L'enfance, qu'est-ce ? Un pays entre la civilisation et le monde sauvage. La nature y met des rêves et des pulsions ; la société y met son éducation...
Ce thème touche au tiraillement de l'homme entre la civilisation, qui le distingue des autres animaux, et le monde sauvage, un monde sauvage dont l'homme est issu, et pour lequel il éprouve à la fois rejet et fascination. Ce thème nous mènera vers trois œuvres, trois points de vue sur la civilisation et le sauvage, des œuvres respectivement créées au début, au milieu et à la fin du XX ème siècle.
La guerre du feu se passe aux temps préhistoriques. Les hommes luttent pour la survie du clan.
La colonisation du monde par l’homme y est vu comme positive : elle permet la survie.

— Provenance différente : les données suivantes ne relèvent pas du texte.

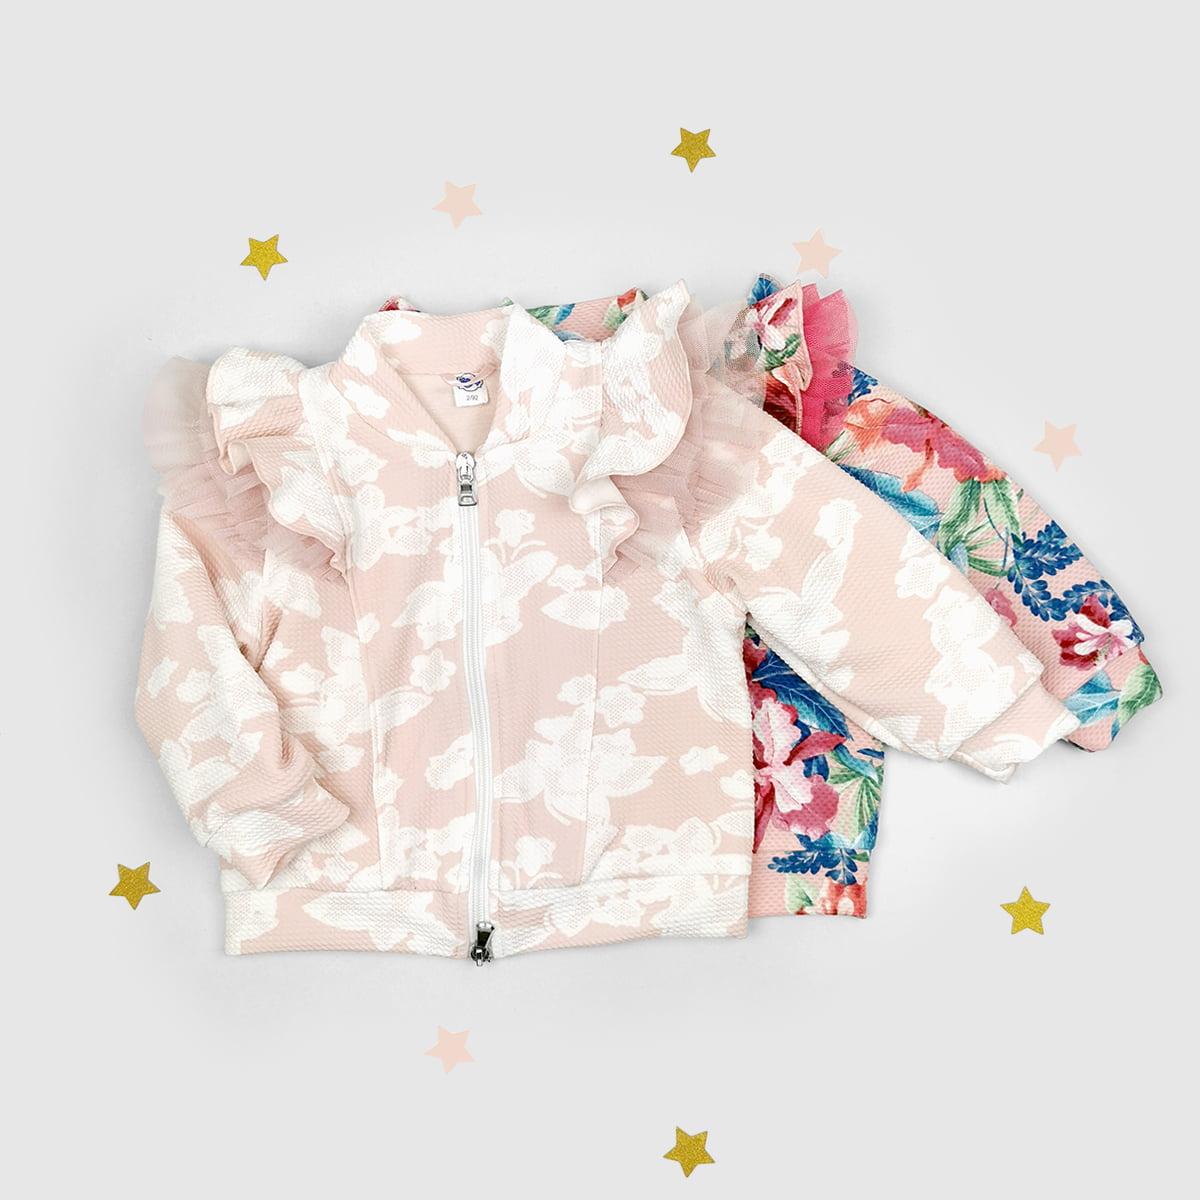 dvije boje šara jaknica za bebe i djevojčice

C'est donc une œuvre progressiste, optimiste, un hymne à la marche de l'homme vers toujours plus de civilisation.
A l'origine pour les adultes, l'édition l'a depuis réservée aux enfants. Comme si les hommes préhistoriques, non civilisés, étaient plus proches des enfants. Ils apprennent à dompter le feu pour devenir civilisés, comme l'enfant doit dompter sa nature sauvage pour devenir adulte. Dans les années 1980 un film de Jean-jacques Annaud a remis l’œuvre au goût du jour pour les adultes. Mais l’engouement fut passager et à nouveau La guerre du feu se retrouve dans les collections « jeunesse » des éditeurs.
Crin Blanc se passe dans les années 1950.
Réalisé exprès pour les enfants, il est un des films qui marquent le plus les enfants qui l'ont vu, un de ceux qu'ils emmènent avec eux dans leur vie d'adulte. Ce film représente leur enfance.
L'enfant Folco, héros du film, est un petit pêcheur de Camargue. Il entend un propriétaire de troupeaux sauvages dire que celui qui arrive à attraper Crin Blanc en sera le maître. Mais lorsque Folco s'empare de Crin Blanc, les hommes veulent lui reprendre.
Crin Blanc refuse d'être un cheval domestique et préfère l'amitié avec Folco au dressage des hommes. Alors Folco et Crin Blanc s'enfuient dans la mer pour garder leur liberté.
Crin Blanc est une œuvre radicale, qui prône le refus de la soumission, la course vers la liberté mais qui met en valeur les rapports de force.
Les derniers géants (récit illustré datant des années 1980) se passe au XIX ème siècle.
C'est la rencontre d'un homme civilisé avec un peuple inconnu : les Géants.
À travers la découverte et la destruction du peuple des géants, ce long album élabore une critique de la civilisation, de la colonisation, de l'ethnologie, du tourisme, de la science.
Les derniers géants est une œuvre pessimiste.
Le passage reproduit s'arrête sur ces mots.